→ WHAT NEEDS TO BE DONE
Once the line with "Design By Christophe" is found in the data, output it and each following line exactly, up to and including the line with "Egg cellent easter gift idea cute", and nothing before or after.

<<<<

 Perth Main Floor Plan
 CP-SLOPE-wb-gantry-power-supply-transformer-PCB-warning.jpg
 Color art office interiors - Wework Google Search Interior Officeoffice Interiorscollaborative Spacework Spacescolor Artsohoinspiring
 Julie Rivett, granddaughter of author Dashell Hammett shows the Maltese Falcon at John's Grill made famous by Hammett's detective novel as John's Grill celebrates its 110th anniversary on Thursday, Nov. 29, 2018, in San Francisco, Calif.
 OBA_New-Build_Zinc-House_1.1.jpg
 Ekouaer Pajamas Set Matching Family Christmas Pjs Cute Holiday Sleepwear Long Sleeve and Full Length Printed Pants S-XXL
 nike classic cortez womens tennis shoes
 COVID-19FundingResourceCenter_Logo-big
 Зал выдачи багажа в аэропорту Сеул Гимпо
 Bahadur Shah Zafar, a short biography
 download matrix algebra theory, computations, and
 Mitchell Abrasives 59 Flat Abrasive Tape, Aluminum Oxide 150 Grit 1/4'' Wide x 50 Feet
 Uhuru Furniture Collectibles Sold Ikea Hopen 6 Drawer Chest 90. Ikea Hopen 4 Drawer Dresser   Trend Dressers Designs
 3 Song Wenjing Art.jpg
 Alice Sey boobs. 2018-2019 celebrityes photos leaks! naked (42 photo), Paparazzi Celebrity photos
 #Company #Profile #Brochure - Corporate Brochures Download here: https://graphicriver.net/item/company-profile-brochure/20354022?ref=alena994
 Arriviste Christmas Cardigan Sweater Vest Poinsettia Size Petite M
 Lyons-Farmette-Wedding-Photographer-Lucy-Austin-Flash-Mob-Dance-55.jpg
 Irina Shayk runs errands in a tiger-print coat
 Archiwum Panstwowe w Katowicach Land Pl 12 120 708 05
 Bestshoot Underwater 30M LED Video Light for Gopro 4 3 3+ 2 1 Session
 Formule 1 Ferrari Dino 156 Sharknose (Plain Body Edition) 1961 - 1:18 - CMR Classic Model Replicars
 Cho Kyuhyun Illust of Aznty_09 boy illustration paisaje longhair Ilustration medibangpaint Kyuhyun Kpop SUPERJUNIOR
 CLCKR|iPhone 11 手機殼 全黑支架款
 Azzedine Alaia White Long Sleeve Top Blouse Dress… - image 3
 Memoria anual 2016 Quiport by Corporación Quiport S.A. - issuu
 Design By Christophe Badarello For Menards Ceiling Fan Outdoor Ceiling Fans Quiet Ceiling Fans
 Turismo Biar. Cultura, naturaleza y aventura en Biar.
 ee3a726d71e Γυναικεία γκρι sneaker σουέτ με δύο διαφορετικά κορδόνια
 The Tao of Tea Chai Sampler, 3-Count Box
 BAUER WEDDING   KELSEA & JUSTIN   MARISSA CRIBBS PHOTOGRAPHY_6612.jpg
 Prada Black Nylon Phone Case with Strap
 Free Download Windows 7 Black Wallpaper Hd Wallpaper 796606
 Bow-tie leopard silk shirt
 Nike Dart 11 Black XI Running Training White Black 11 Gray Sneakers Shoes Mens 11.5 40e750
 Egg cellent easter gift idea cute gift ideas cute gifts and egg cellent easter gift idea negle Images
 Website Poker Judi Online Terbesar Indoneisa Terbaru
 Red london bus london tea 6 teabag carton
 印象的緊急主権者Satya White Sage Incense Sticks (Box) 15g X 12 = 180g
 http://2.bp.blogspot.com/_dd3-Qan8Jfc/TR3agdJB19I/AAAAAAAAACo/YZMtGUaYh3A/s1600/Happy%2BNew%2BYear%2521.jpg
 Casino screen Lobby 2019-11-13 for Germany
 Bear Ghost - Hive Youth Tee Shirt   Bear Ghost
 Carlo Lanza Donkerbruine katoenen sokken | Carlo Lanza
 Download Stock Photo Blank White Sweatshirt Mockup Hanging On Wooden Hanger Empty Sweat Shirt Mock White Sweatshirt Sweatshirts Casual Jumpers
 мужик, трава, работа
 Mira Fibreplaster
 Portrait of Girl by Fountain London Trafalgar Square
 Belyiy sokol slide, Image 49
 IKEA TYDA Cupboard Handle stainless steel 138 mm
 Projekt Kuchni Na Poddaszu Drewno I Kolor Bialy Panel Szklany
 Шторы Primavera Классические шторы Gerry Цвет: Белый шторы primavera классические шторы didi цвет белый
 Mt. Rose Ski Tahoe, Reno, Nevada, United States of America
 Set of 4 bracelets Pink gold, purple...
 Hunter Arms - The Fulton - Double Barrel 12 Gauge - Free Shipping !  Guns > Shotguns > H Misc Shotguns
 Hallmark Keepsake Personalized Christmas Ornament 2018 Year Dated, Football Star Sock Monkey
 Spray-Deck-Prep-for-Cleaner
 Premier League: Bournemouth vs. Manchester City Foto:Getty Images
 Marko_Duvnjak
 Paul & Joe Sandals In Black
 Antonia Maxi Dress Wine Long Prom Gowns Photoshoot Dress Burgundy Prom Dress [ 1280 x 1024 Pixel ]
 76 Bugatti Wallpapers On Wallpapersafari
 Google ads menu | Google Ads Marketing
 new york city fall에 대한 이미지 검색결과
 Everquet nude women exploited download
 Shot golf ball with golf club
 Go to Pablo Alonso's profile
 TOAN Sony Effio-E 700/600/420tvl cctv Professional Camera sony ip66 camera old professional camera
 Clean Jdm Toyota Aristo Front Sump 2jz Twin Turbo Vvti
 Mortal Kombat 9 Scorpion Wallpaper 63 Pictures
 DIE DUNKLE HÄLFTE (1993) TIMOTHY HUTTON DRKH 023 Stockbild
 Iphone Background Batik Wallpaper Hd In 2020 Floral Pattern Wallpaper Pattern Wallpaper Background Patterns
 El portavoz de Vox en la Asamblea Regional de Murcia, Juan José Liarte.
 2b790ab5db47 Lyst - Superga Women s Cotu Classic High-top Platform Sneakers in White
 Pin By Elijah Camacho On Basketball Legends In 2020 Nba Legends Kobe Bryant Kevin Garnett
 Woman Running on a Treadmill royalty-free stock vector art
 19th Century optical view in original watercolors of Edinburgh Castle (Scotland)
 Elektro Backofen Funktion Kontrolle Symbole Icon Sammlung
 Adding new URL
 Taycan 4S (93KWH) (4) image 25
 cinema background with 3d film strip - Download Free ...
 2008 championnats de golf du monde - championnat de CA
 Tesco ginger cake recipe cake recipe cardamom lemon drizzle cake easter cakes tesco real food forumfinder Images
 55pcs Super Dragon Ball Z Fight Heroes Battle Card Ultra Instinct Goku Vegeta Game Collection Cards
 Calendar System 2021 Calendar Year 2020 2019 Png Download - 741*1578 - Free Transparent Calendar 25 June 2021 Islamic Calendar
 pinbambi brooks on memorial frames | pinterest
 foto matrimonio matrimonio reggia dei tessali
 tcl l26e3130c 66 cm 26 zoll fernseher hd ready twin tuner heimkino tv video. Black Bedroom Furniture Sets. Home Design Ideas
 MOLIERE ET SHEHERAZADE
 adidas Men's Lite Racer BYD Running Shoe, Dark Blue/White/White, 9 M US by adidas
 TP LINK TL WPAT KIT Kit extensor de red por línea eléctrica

>>>>

→ REPLY
 Design By Christophe Badarello For Menards Ceiling Fan Outdoor Ceiling Fans Quiet Ceiling Fans
 Turismo Biar. Cultura, naturaleza y aventura en Biar.
 ee3a726d71e Γυναικεία γκρι sneaker σουέτ με δύο διαφορετικά κορδόνια
 The Tao of Tea Chai Sampler, 3-Count Box
 BAUER WEDDING   KELSEA & JUSTIN   MARISSA CRIBBS PHOTOGRAPHY_6612.jpg
 Prada Black Nylon Phone Case with Strap
 Free Download Windows 7 Black Wallpaper Hd Wallpaper 796606
 Bow-tie leopard silk shirt
 Nike Dart 11 Black XI Running Training White Black 11 Gray Sneakers Shoes Mens 11.5 40e750
 Egg cellent easter gift idea cute gift ideas cute gifts and egg cellent easter gift idea negle Images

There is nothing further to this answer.